His sleep (and also ours) is good again!  Earlier bedtime was the solution!  I am a little annoyed with ourselves that we fall into that trap again.  I hope we have learned the lesson.

After Sleep Training

My son slept very bad during the first six months. At his first birthday, the doctor diagnosed a slight delay in his development. His sleep became much better after we adjusted the sleeping schedule and did extinction. For almost one year he rarely woke up during the nights.  At the examination at his second birthday, the doctor did not find an overall delay in his development anymore, but he did not pass all tests. At the examination at his 3rd birthday, he passed all tests and the doctor said: “Oh, he did a big leap in his development, right?”.

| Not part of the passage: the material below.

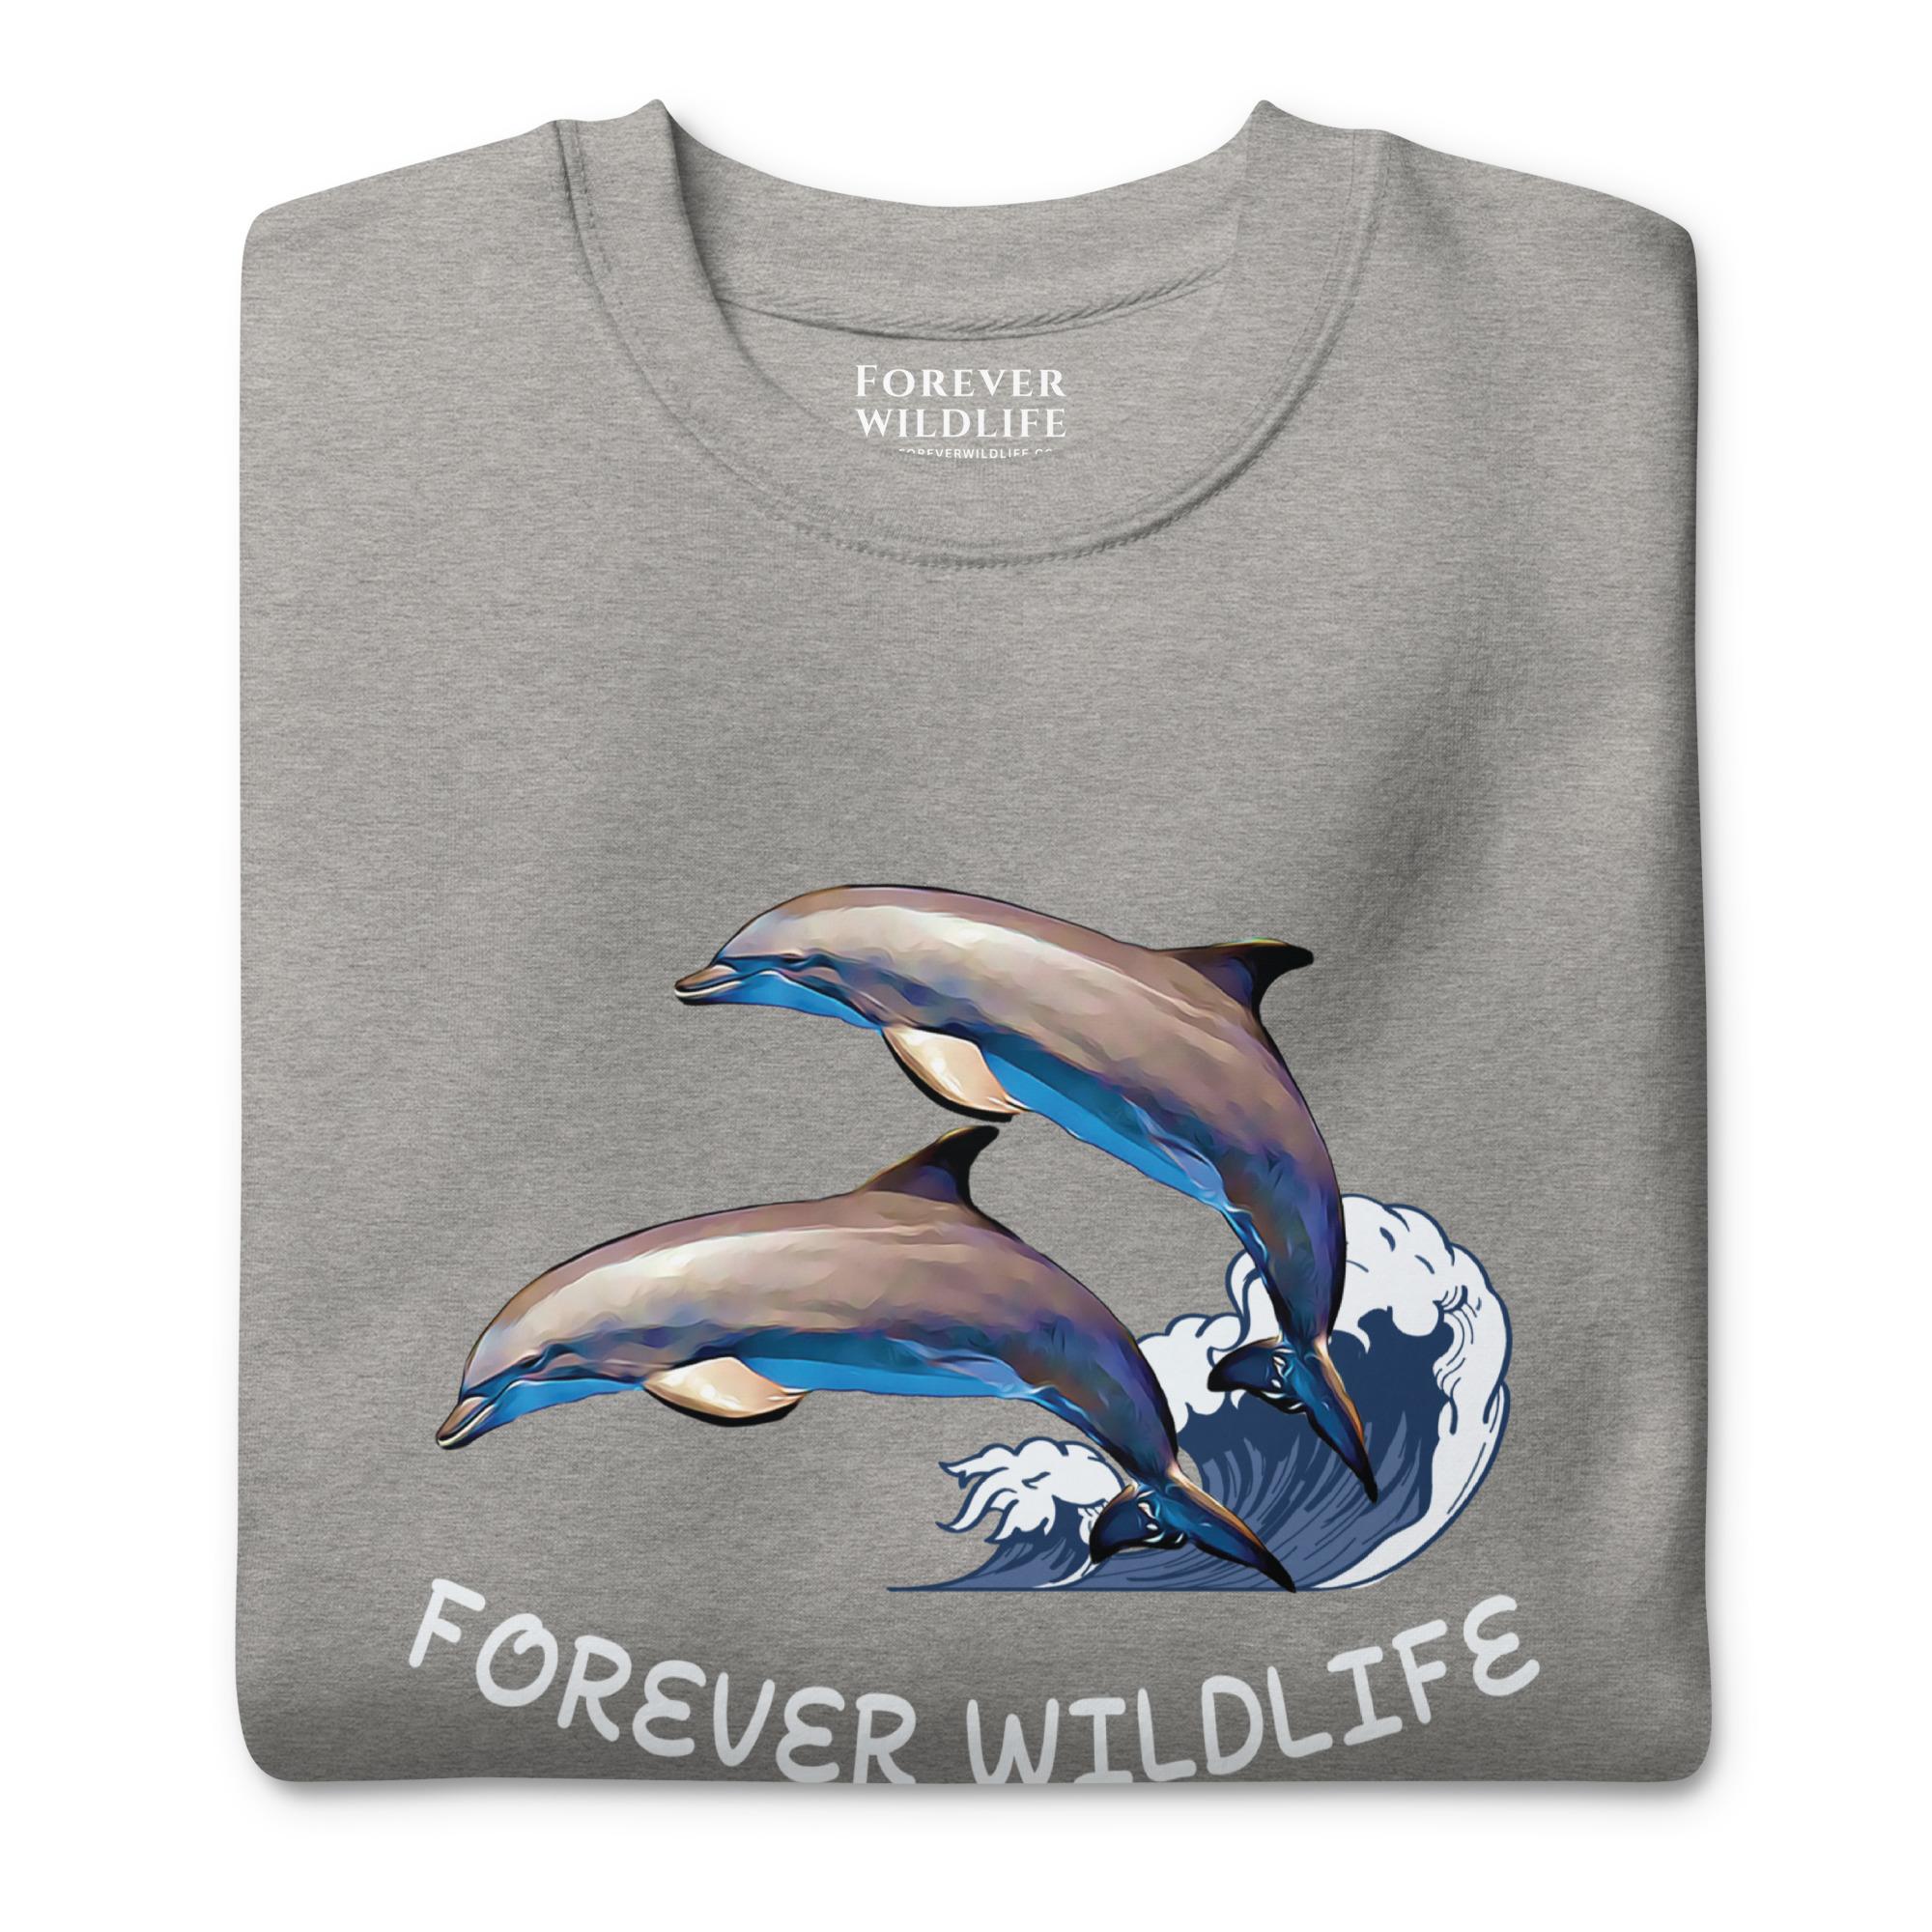 Dolphin Sweatshirt in Grey-Premium Wildlife Animal Inspiration Sweatshirt Design, part of Wildlife Sweatshirts & Clothing from Forever Wildlife.

Although he sleeps much better, he still has problems to fall asleep in the evening. We stay in the room until he is in a deep sleep, otherwise he cries intensely.  Currently, he needs 45-120 minutes of our presence when he takes his midday nap. He naps only at the daycare with the other children.  The “day-mum” puts him down drowsy but awake in his bed and leaves the room. When he skips the nap, he needs only 10-30 minutes, but he is very tired in the afternoon and bad tempered. He resists very strongly to fall asleep without the presence of one parent. Actually, he was able to fall asleep alone, but during a time of illness we fell back into staying in his room and did not find a way out since then. This is a challenge for us as a couple, because we rarely have time in the evening together.

You asked, did helping him., when younger, sleep well have any influence later on, for example, your social life (have you been socially restricted to keep your child well-rested or have you been criticized by friends or family because of your concern for your child’s sleep schedule)?  Oh yes! Frequent criticism was: “You are too rigorous and inflexible regarding the sleep schedule”, “why don’t you skip his nap? We want to do this and that?”, I should use the stroller instead of putting my son into his bed, I should accept that children wake up often during the night (“it‘s normal!”) and my task as a good mother is to accept that I don‘t get much sleep during the night (and during the days as well) as long as the child is so young. We got a lot of harsh criticism because we did extinction. It became our secret.

My advice now that I would give to other parents or expectant parents:  Ask for help and search for a plan that works for your family and you! There is the option to implement good sleeping habits… starting with the birth.

I still feel very bad that I had to do extinction. It was a very, very hard time. I worried very much about our attachment. However, my son has a secure attachment style – we tested it. But if you have a second child, I would implement good habits from the very beginning. Changing habits is possible but might be hard.

We had major setbacks. He still has problems to fall asleep in the evening (see above). Currently, he wakes up one time during the night and cries for his mom. We tried to put him to bed earlier but he does not fall asleep. Overall, it is okay but still challenging for my sleep during the night.